1. A method for parametric encoding of a multi-channel digital audio signal, the method comprising the steps of encoding (312) a mono signal (M) resulting from a down-mixing process (307) applied to the multi-channel signal and encoding (315, 316, 317) multi-channel signal spatialization information,

characterized in that said down-mixing process comprises the following steps, implemented for each spectral unit of said multi-channel signal:

-extracting (307a) at least one indicator characterizing a channel of the multi-channel digital audio signal;

-selecting (307b) a down-mix processing mode from a set of down-mix processing modes depending on a value of the at least one indicator characterizing a channel of the multi-channel audio signal.

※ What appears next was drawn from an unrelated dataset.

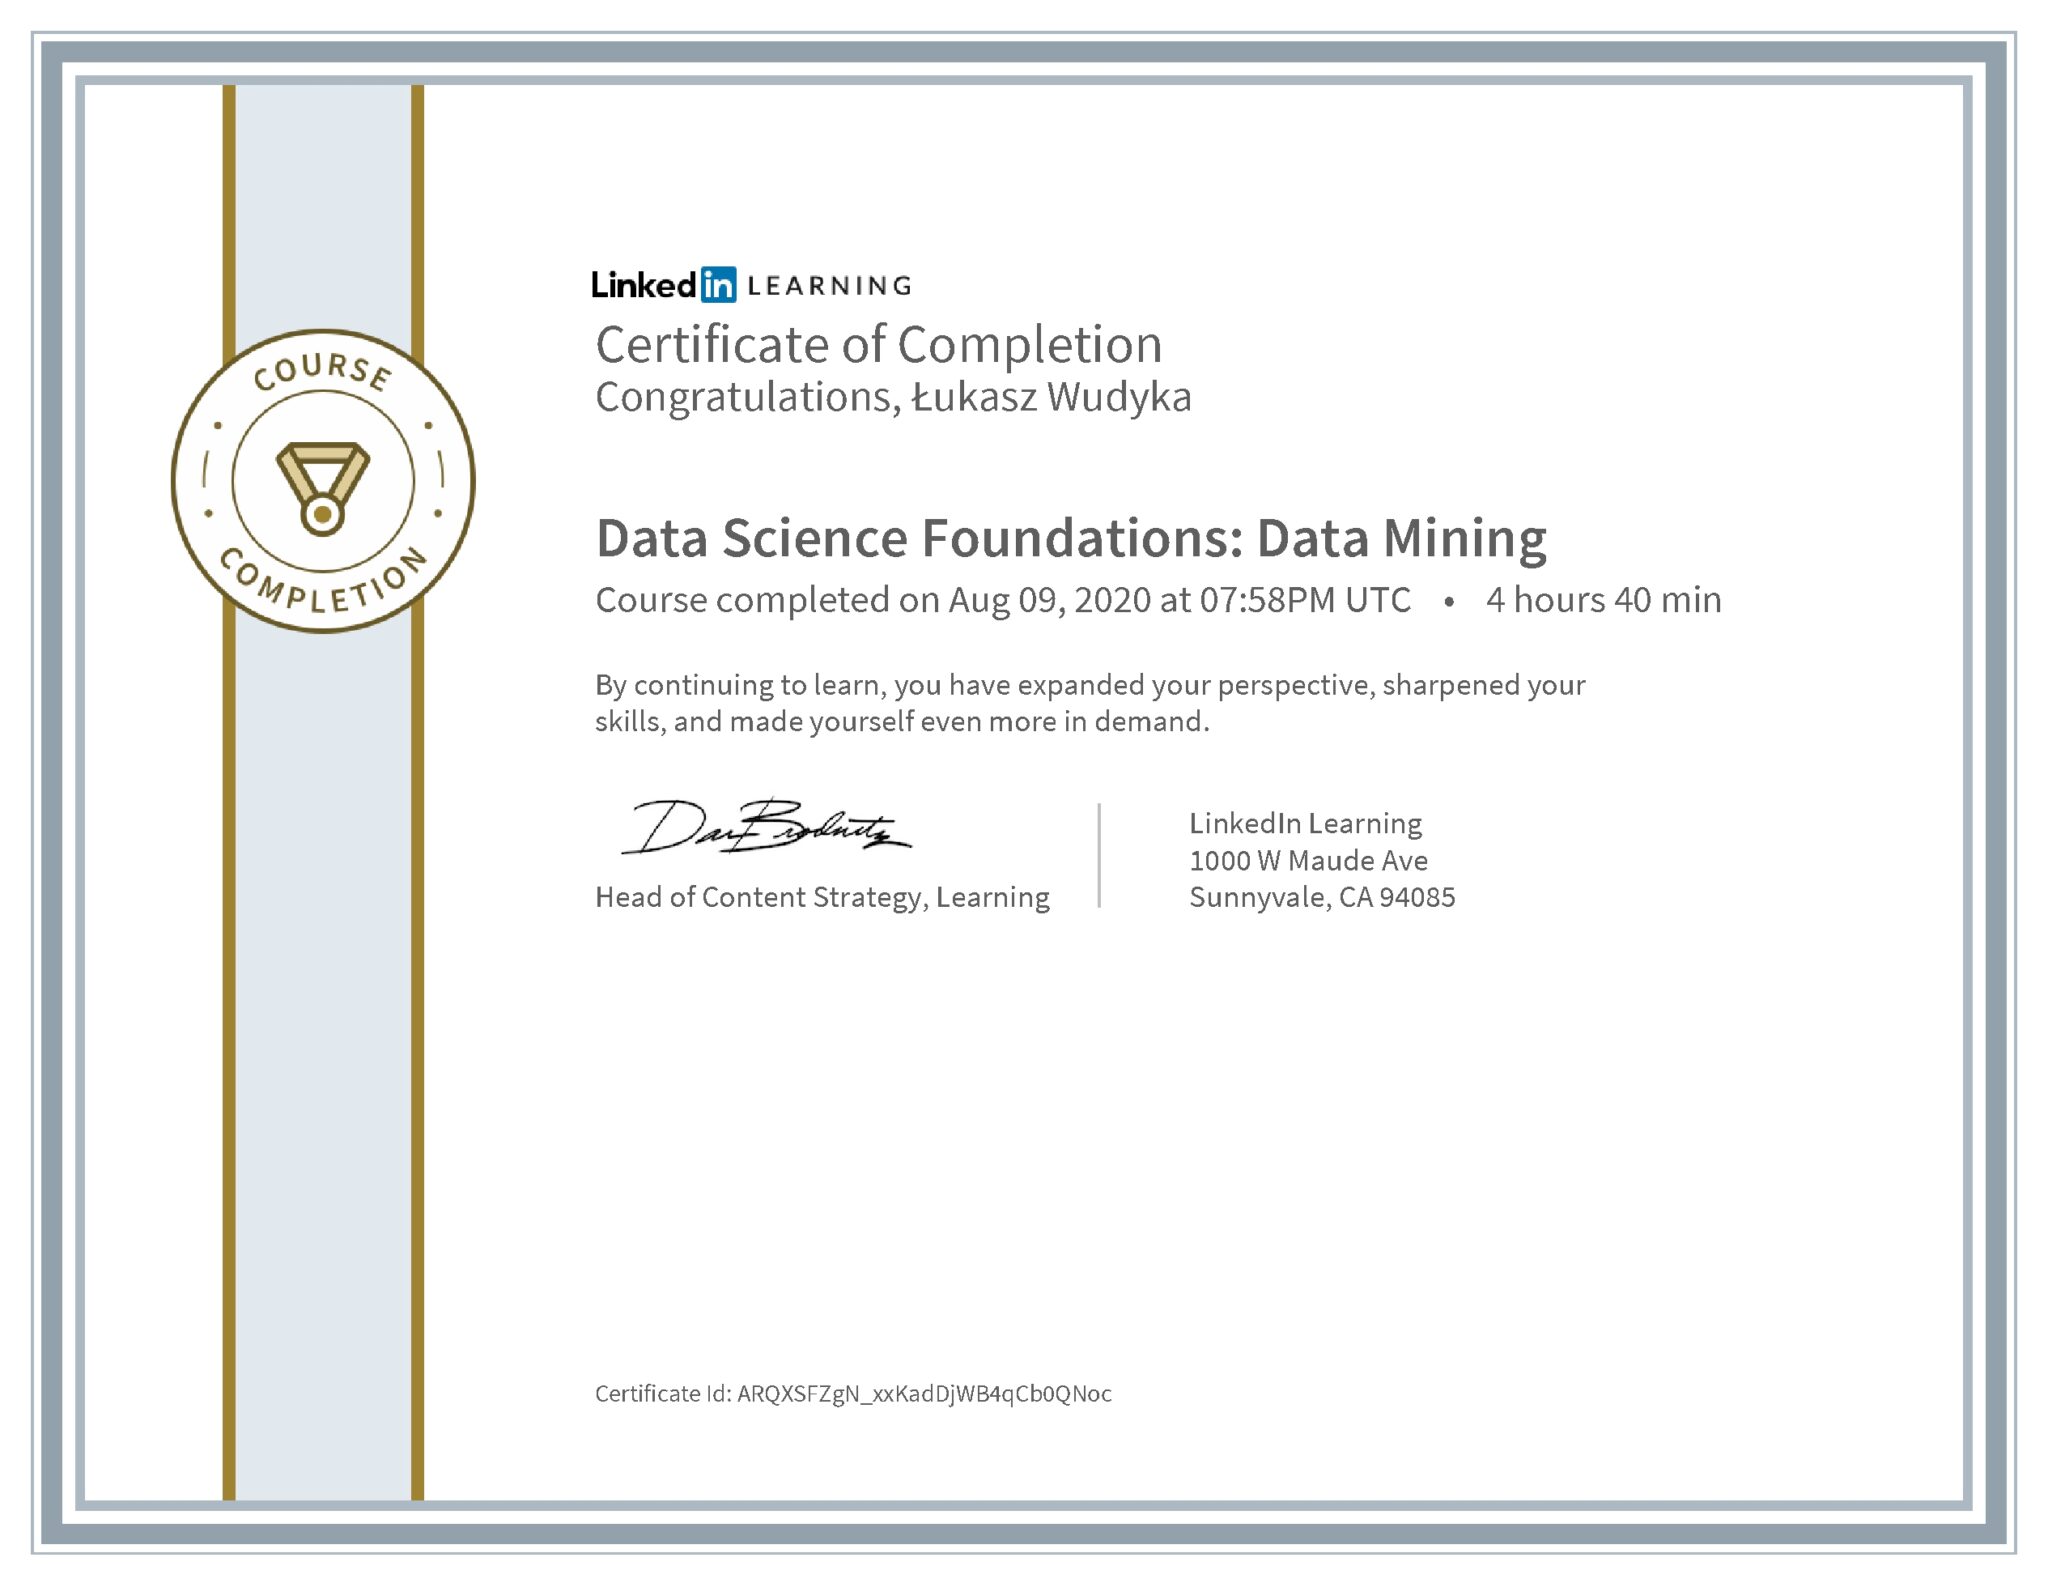 Łukasz Wudyka certyfikat LinkedIn Data Science Foundations: Data Mining

2. The method according to claim 1, wherein the method further comprises determining a phase indicator representing a measure of a degree of inversion between channels of the multi-channel signal, and wherein one down-mix processing mode of the set of down-mix processing modes depends on a value of the phase indicator.

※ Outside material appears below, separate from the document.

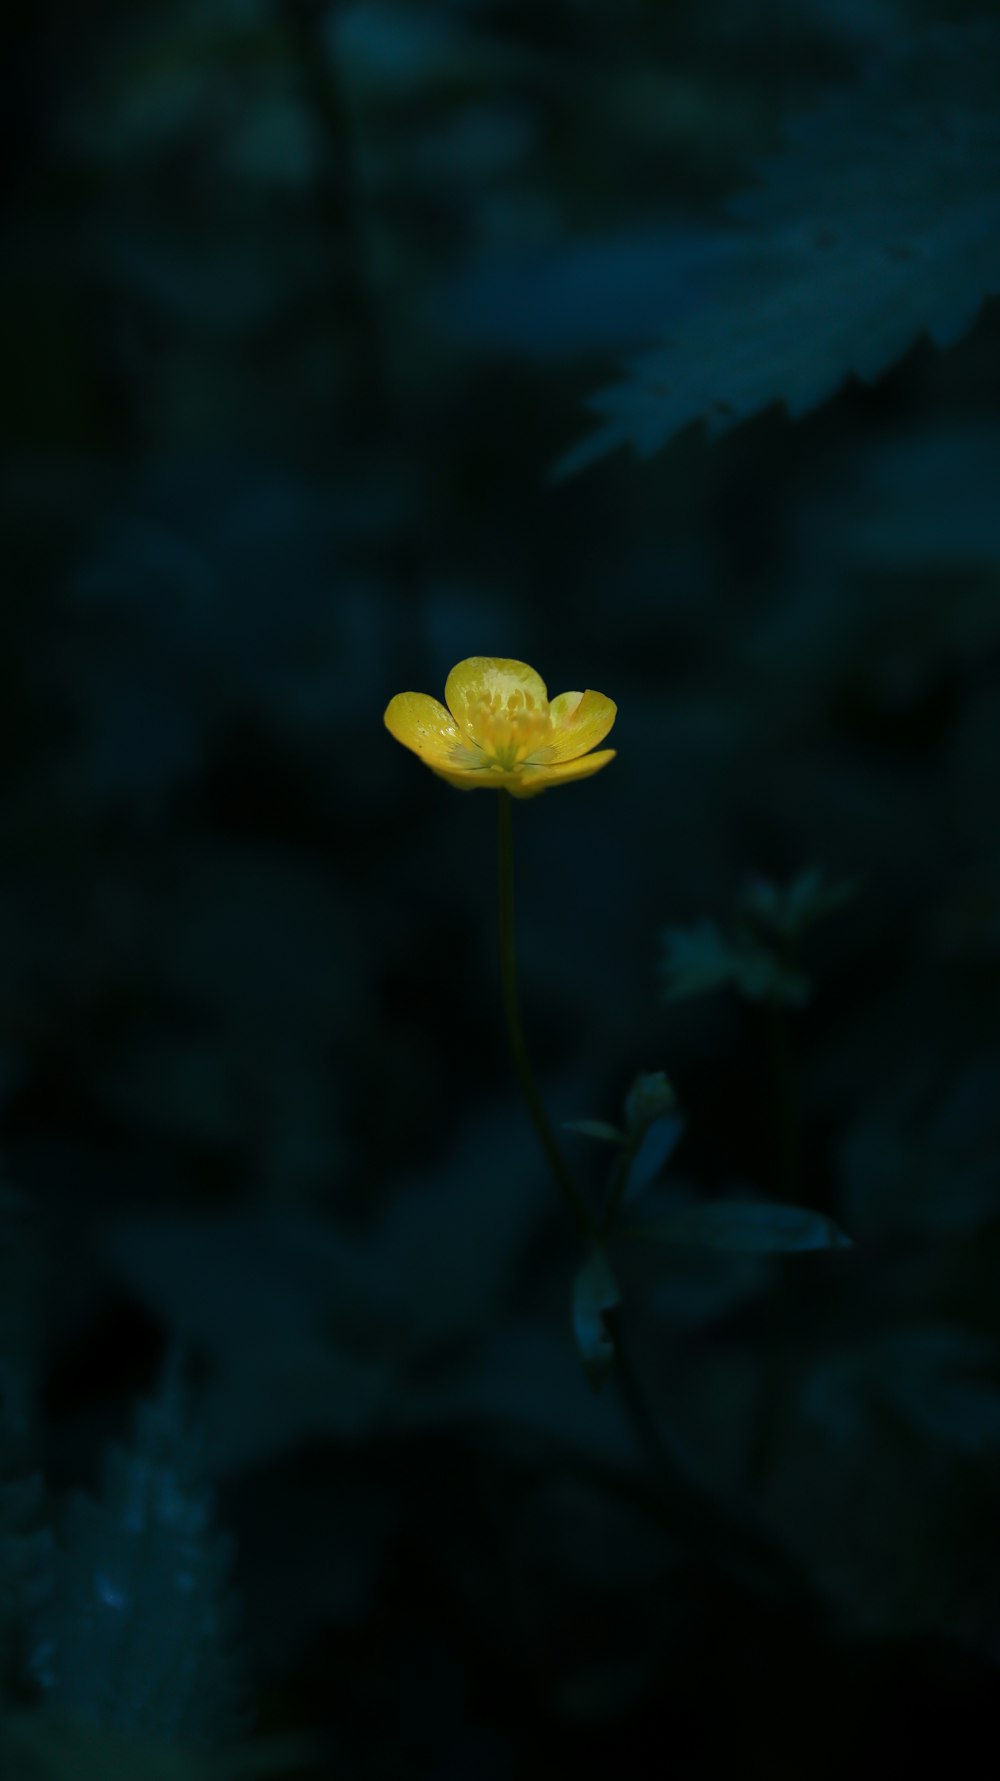 eine einzelne gelbe Blume im Dunkeln

3. The method according to one of claims 1 and 2, wherein the set of downmix processing modes comprises a plurality of processing modes from the list of:

passive type downmix processing, with or without gain compensation;

-a combination of at least two passive, adaptive or hybrid processing modes.

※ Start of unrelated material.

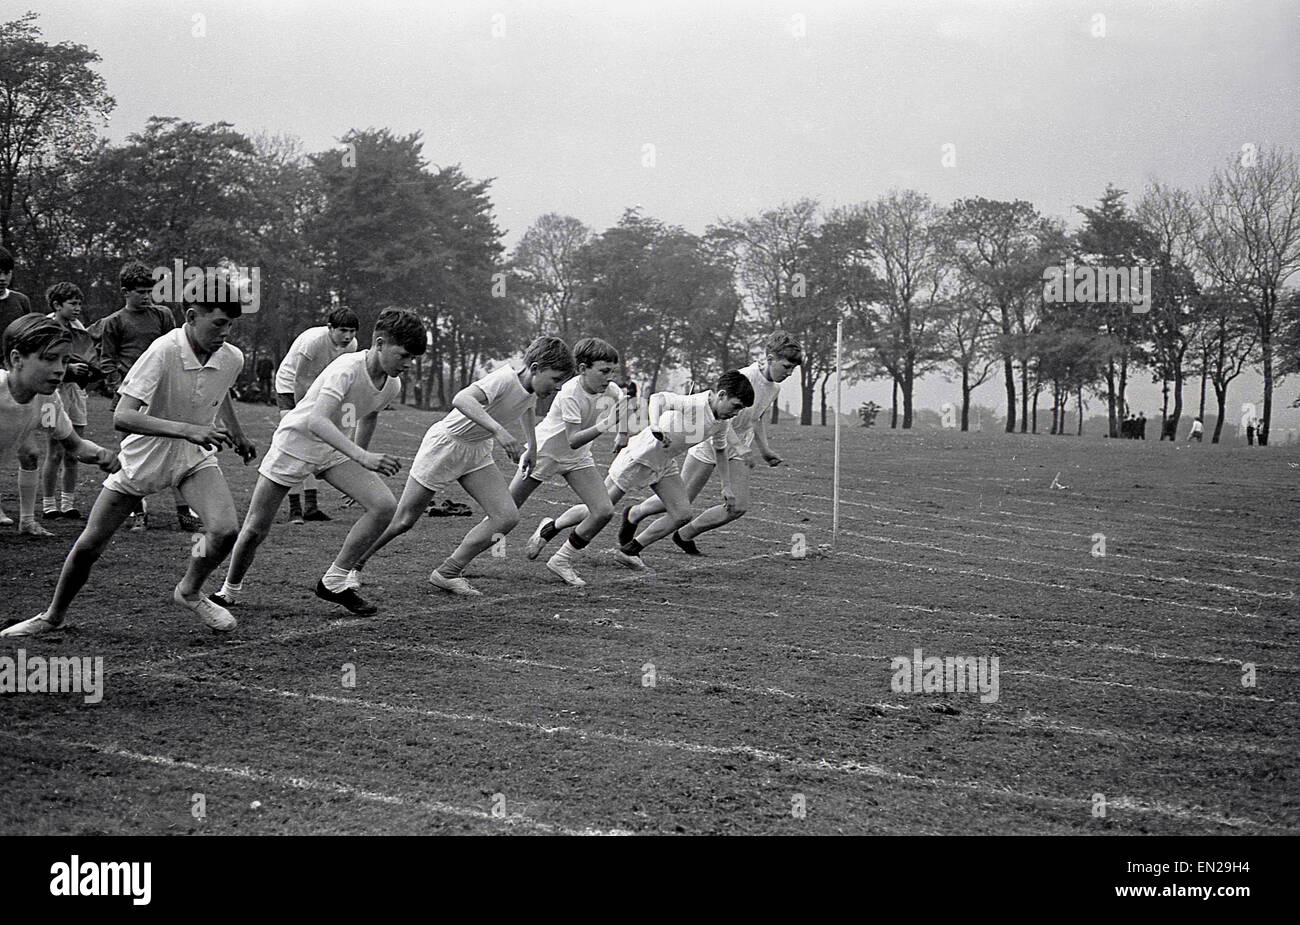 1960er Jahren Geschichtsbild vom Schulsporttag einer Gruppe von kleinen Kindern oder Schülern kurz vor dem start die 100 Meter, ein kurzer Sprint-Rennen. Stockfoto

4. Method according to one of the preceding claims, wherein said indicator characterizing the channels of said multi-channel audio signal is an indicator of a measure of correlation between the channels of said multi-channel audio signal.

5. The method of claim 1, wherein the indicator characterizing the channels of the multi-channel audio signal is a phase indicator representing a measure of a degree of inversion between the channels of the multi-channel signal.

6. An apparatus for parametric coding of a multi-channel digital audio signal, the apparatus comprising: an encoder (312) capable of encoding a mono signal (M) originating from a downmix processing module (307) applied to the multi-channel signal; and a quantization module (315, 316, 317) for encoding multi-channel signal spatialization information,

wherein the downmix processing module comprises:

-an extraction module (307a) capable of obtaining, for each spectral unit of the multi-channel signal, at least one indicator characterizing a channel of the multi-channel digital audio signal;

-a selection module (307b) capable of selecting a down-mix processing mode from a set of down-mix processing modes for each spectral unit of the multi-channel signal depending on a value of the at least one indicator characterizing a channel of the multi-channel audio signal.

7. Method for processing a decoded multi-channel audio signal, the method comprising a down-mixing process for obtaining a mono signal to be reproduced, characterized in that the down-mixing process comprises for each spectral unit of the multi-channel signal the following steps:

-extracting (605a) at least one indicator characterizing a channel of the multi-channel digital audio signal;

-selecting (605b) a down-mix processing mode from a set of down-mix processing modes depending on a value of the at least one indicator characterizing a channel of the multi-channel audio signal.

8. An apparatus for processing a decoded multi-channel audio signal, the apparatus comprising a downmix processing module for obtaining a mono signal to be reproduced, characterized in that the downmix processing module comprises:

-an extraction module (605a) capable of obtaining, for each spectral unit of the multi-channel signal, at least one indicator characterizing a channel of the multi-channel digital audio signal;

-a selection module (605b) capable of selecting a down-mix processing mode from a set of down-mix processing modes for each spectral unit of the multi-channel signal depending on a value of the at least one indicator characterizing a channel of the multi-channel audio signal.

9. A computer program comprising code instructions for implementing the steps of the method as claimed in one of claims 1 to 5 when these instructions are executed by a processor.

10. A processor-readable storage medium having stored thereon a computer program comprising code instructions for executing the steps of the method according to one of claims 1 to 5.